Results are reported as odds ratios.

Robust standard errors in parentheses.

Models account for repeat observations for some enrollees.

Major depression includes ICD9 diagnostic codes 296.2 and 296.3.

*

indicates p <.10

**

indicates p <.05,

To interpret the above results and their implications I refer back to Figure 1. As Figure 1 indicates, there is a change in the receipt of guideline- level treatment at the date of the contract implementation but it is not statistically significant at conventional levels. As previously mentioned, with the adjusted critical value the change at two months post–carve-out implies the carve-out is associated with a statistically significant change in quality; it just occurs two months postimplementation. This suggests the t-test described in the above paragraph would leave the researcher unable to reject the null hypothesis due to the lack of information about the precise timing of the intervention, even though a more careful analysis of the data indicate a significant change.

The results in Figure 1 indicate that not only does the maximum structural break in treatment patterns occur soon after the carve-out is implemented, but also that this is the only break associated with a test statistic large enough to reject the null hypothesis of no change in treatment patterns. This further strengthens the inference that this change is caused by the carve-out and not due to unrelated treatment trends.

Discussion

By 1997, 169 million Americans, or 75 percent of individuals with private health insurance, were in some form of managed mental health care, with 71 million individuals covered under at-risk carve-out contracts (Oss, Drissel, and Clary 1998). This is a significant shift from the prior decade when mental health financing was almost exclusively integrated with general medical care. The widespread adoption of carve-outs suggests that purchasers are confident that this model of benefit management offers advantages over the traditional integrated model.
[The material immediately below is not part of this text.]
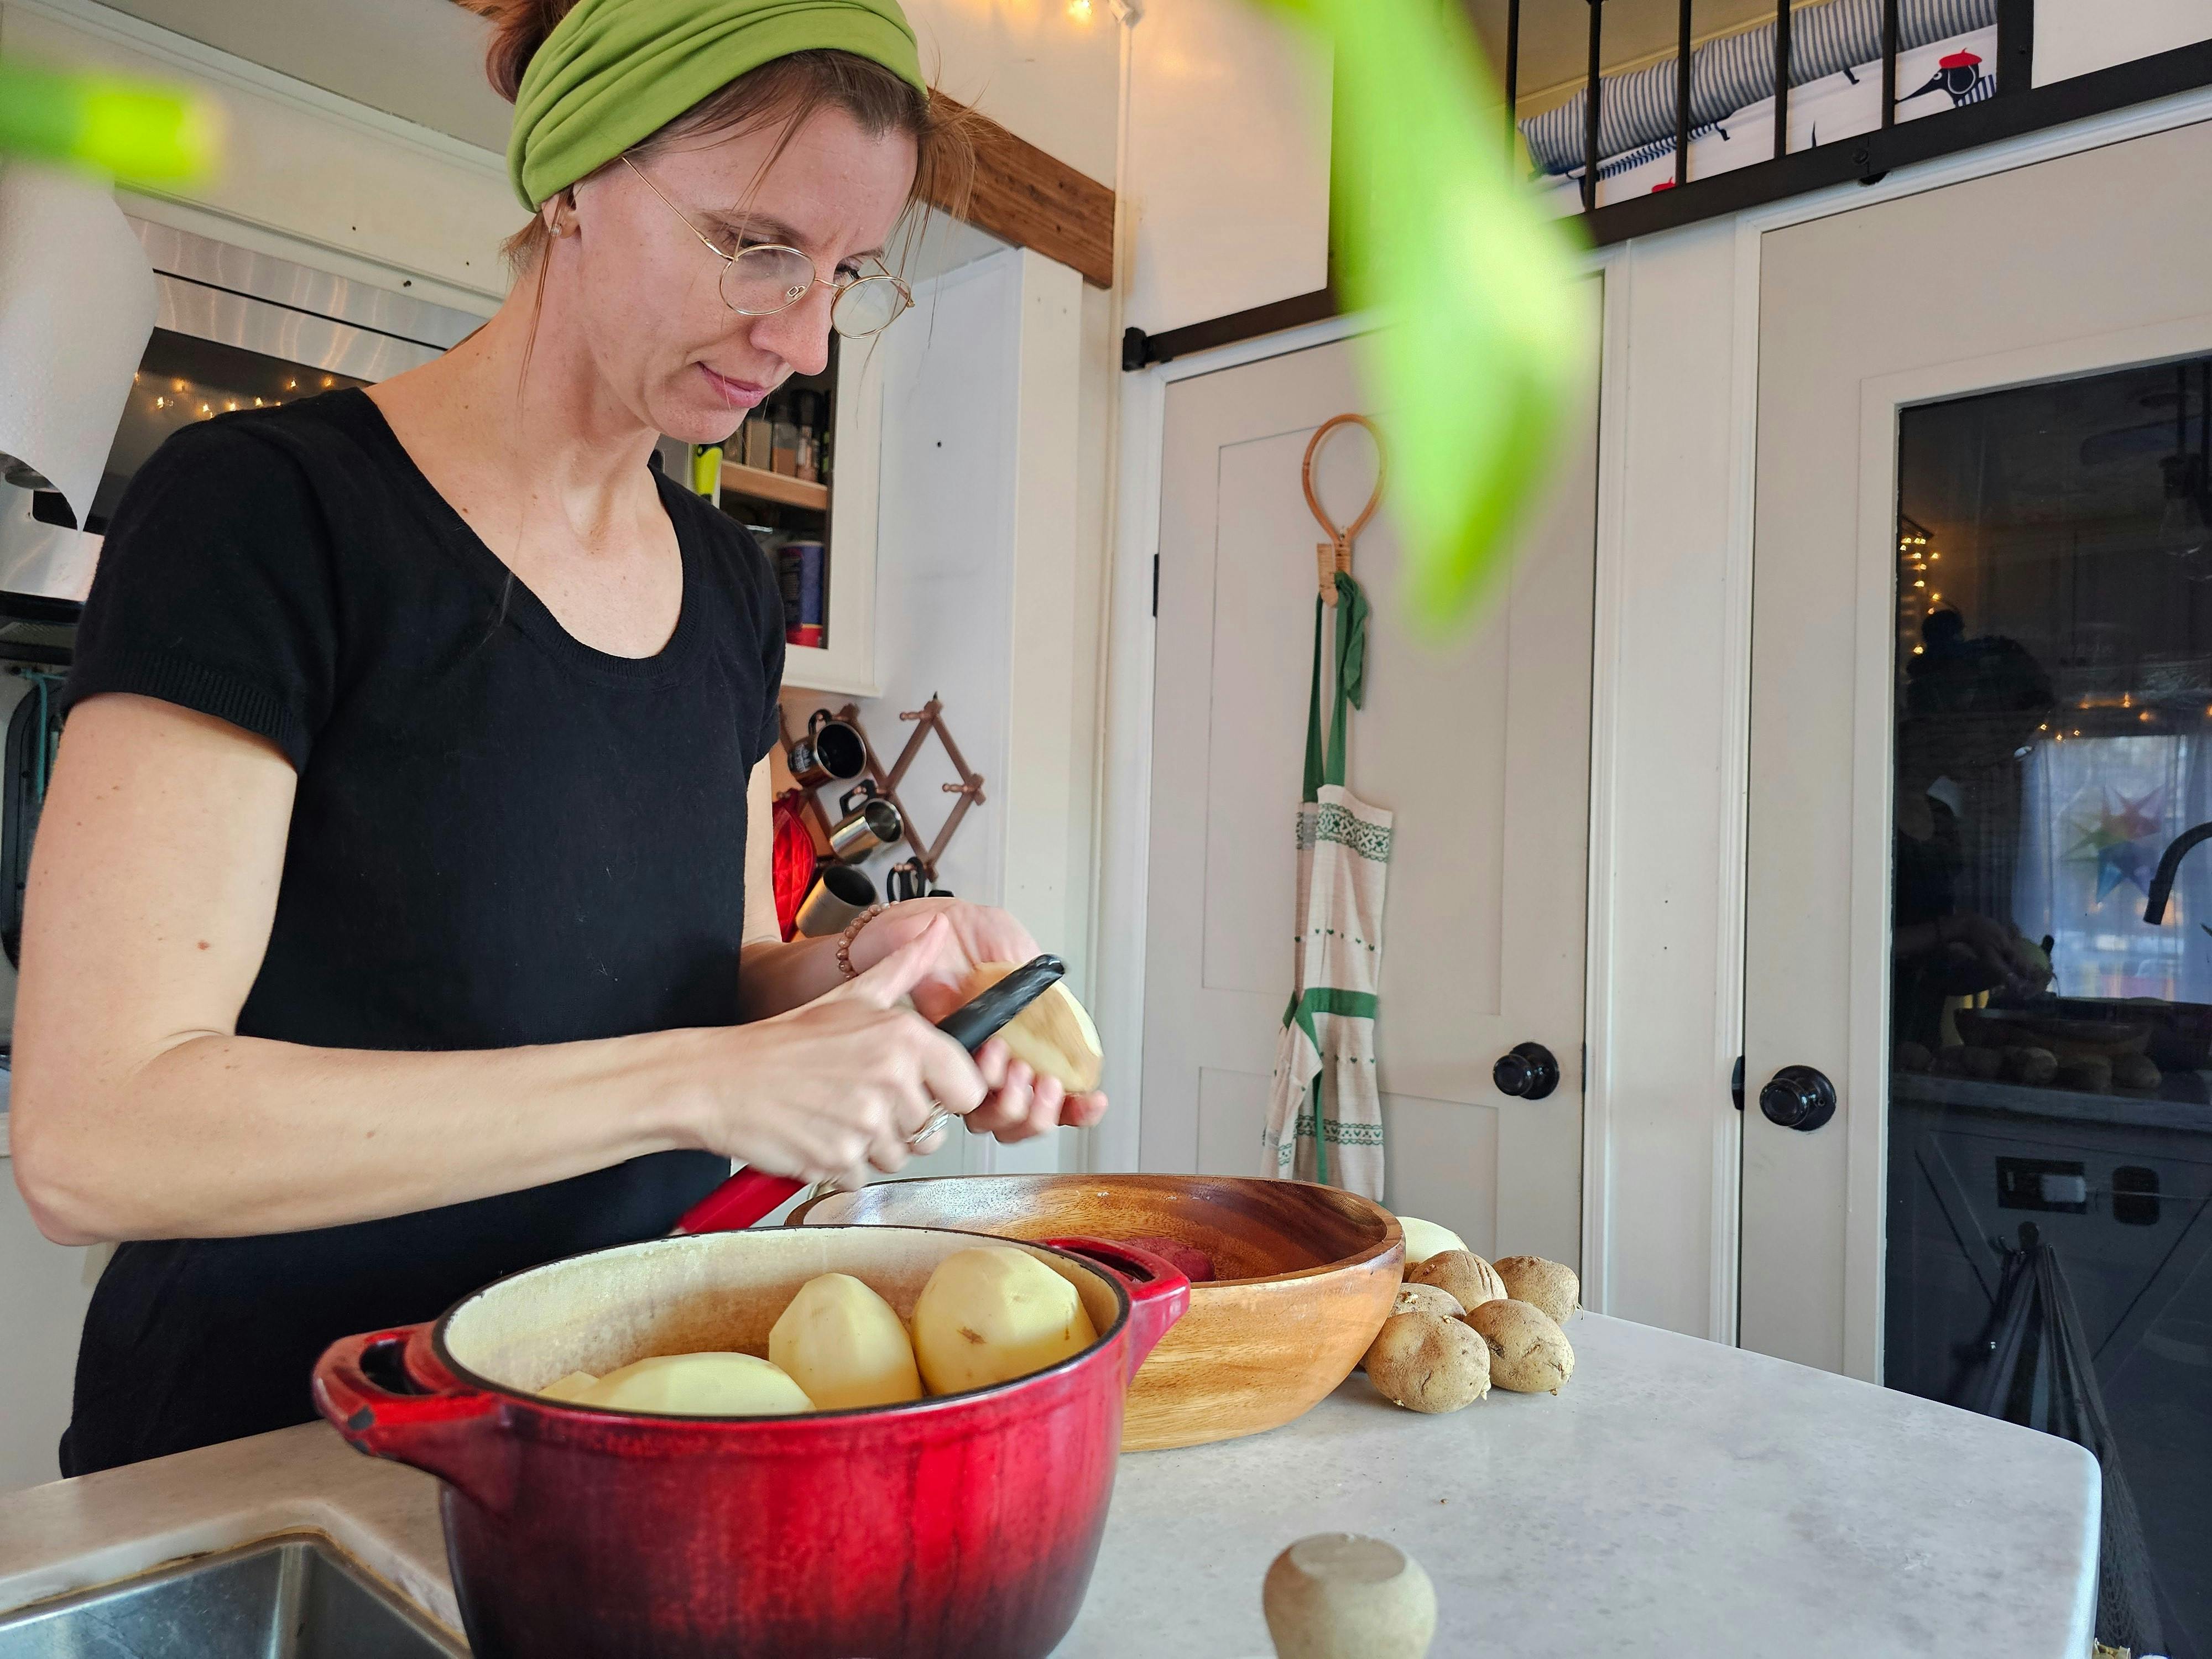 Bibi Barringer prepares potatoes in the kitchen of her KZ Durango fifth wheel.

Research indicates carve-outs are associated with a sharp drop in both specialty inpatient and MHSA outpatient spending (Goldman, McCulloch, and Sturm 1998; Grazier et al. 1999; Grazier and Eselius 1999; Huskamp 1999; Ma and McGuire 1998). Given the strong financial incentives in many carve-out contracts, quality assurance can be a critical aspect of the contract between the purchaser or plan and the MBHO. Most MBHO contracts require plans to report some performance indicators such as claims processing rates, phone response time, and facility/staffing. One survey of Fortune 500 firms that use specialty mental health services found that only 36 percent considered quality assurance; only 15 percent used HEDIS quality measures. These survey results indicate clinical quality of care is still unmeasured by most purchasers and that provisions in existing contracts on their own do not require high quality care (Merrick et al. 1999).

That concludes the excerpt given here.